Consider the persecution you may have seen or suffered. How did you respond? What did you learn from the experience? As you encounter persecution, remember that you can trust in Jesus when you struggle with the fear and anger caused by persecution.
Teacher Tip: The information in this lesson is intense and may be difficult for your students to hear. It may be helpful to allow the students to take short breaks during the lesson. If a student seems particularly upset by the information, be sure to talk with her after class to encourage and pray for her.
“Persecution” means suffering or being mistreated because of your religious beliefs, ethnic group, social class, or political ideas. It may include being harassed, mocked, beaten, forced out of your home, jailed, or even killed. A simple way to explain persecution is that it is a group mistreating another group because they are different in some way.
Here are some things about persecution you may not know:
Persecution is a worldwide concern. People are persecuted on nearly every continent for their religious and political beliefs, their ethnic groups, and their social classes.
The most common form of persecution is religious persecution, and the most persecuted religion in the world is Christianity. In more than 60 countries, Christians are persecuted by governments or other religious groups.
In some places, those who are persecuted are forced to leave their homes and even their countries to find safety.
Apostasy and blasphemy laws make Christianity illegal in many countries. In these countries, Christians can be jailed, face torture, and even be put to death for their beliefs.
Teacher Tip: If it is helpful, explain to your students that “apostasy” means refusing to follow or obey a religion that is recognized by the government and “blasphemy” means speaking out against a recognized religion.
Persecution can occur against a single person or a small or large group.
When a person supports justice and human rights and opposes violence, corruption, and the mistreatment of others, that person could face persecution.
- Why do you think persecution happens?
Persecution is most often the strong oppressing the weak. It usually involves an individual or group of people that wants power and control over others or a group of people that considers itself better than another group. Often, the persecuting group feels threatened by the other group.
- Why do you think an ethnic, religious, social, or political group might seem threatening to others?
Those who are persecuting others may be afraid of what they do not understand. If there are scarce resources, such as food or land, the powerful group may be trying to keep it all for themselves. Sometimes people persecute others because they are fearful of being persecuted themselves.
I am going to share some examples of persecution that have happened and still are happening around the world. Think about what kind of persecution each represents. There are 4 types: religious, ethnic, political, and social persecution. Often persecution begins for 1 reason and then grows to include other reasons, so these examples may include more than 1 type of persecution.
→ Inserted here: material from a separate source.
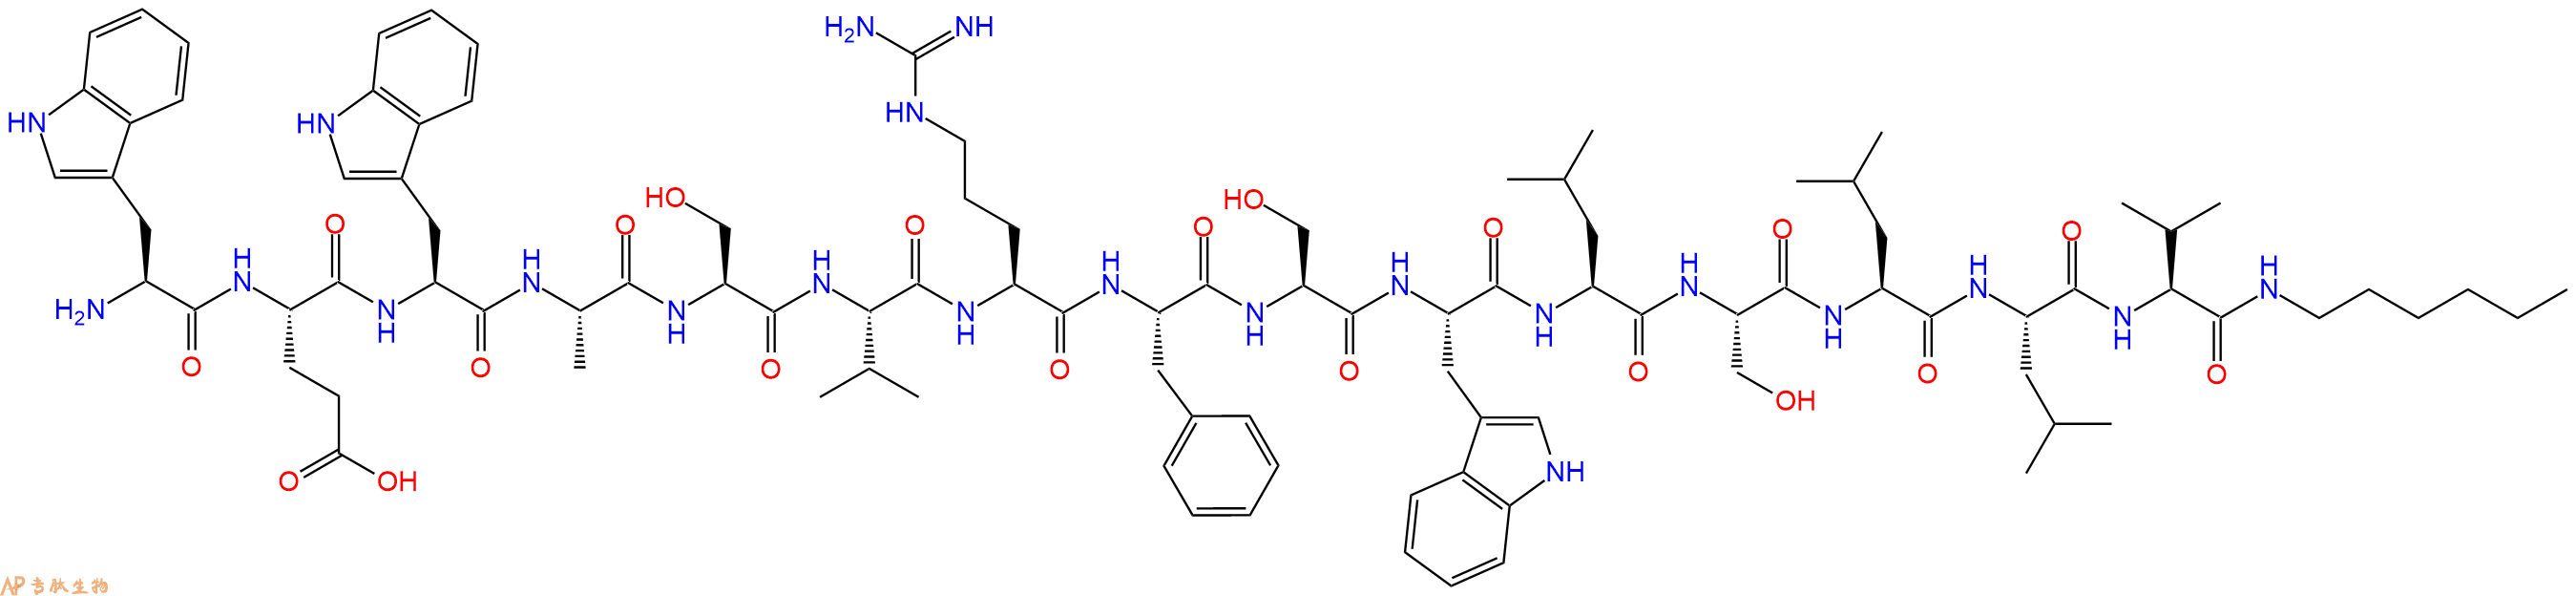 专肽生物产品H2N-Trp-Glu-Trp-Ala-Ser-Val-Arg-Phe-Ser-Trp-Leu-Se

Teacher Tip: If it is not safe or appropriate to share these situations with your students, try to think of other situations to share to illustrate the different types of persecution.
- In the 1930s during World War II, the German Nazis killed millions of Jews. What kind of persecution was this?
- In Rwanda in 1994, the Hutu tribe killed almost 1 million members of the Tutsi tribe. What kind of persecution was this?
- In North Korea, anyone who speaks against the leader of the country may be jailed or killed. What kind of persecution is this?
- In some parts of the Middle East, it is illegal to be a Christian. If someone is found to be a Christian, he or she will be forced to leave the country or killed. What kind of persecution was this?
Persecution has happened throughout history. Because Christians were persecuted in the time of the early church, there are some examples of persecution in the Bible. Listen to what the Bible tells us about Christian persecution.
Everyone who wants to live a godly life in Christ Jesus will be persecuted.
2 Timothy 3:12
- Why do you think Jesus told His followers that they would face persecution?
Christians are sometimes hated because they do not behave or believe as others do. This lack of understanding can cause fear and anger in others—and sometimes it results in persecution. But Jesus understood fear, anger, and persecution, and He gave His followers advice about how to handle persecution. Listen to what He said.
Love your enemies and pray for those who persecute you.
- Why do you think Jesus told His disciples to pray for their persecutors?
God loves all people, even those who persecute others. He reminds us that we should love everyone too, including our enemies. When we pray for those who persecute others, we can pray that God will provide safety and peace for those who are being persecuted. We can also pray that He will change the hearts of the persecutors.
Teacher Tip: Some of the teens may feel guilty or wonder if their faith is weak because they do not face persecution. Help them to understand that God has a plan for their lives. It is possible that they have been protected from persecution so that they can pray for and help others. Remind them that they can trust that God cares deeply for each of them.
But even if the hearts of those who persecute others are not changed, we can trust in God’s love, even in our most painful and difficult times. Listen to what the Bible tells us about God’s love.
For I am convinced that neither death nor life, neither angels nor demons, neither the present nor the future,
nor any powers, neither height nor depth, nor anything else in all creation,
will be able to separate us from the love of God that is in Christ Jesus our Lord.
- How does it make you feel to know that nothing can separate you from God’s love?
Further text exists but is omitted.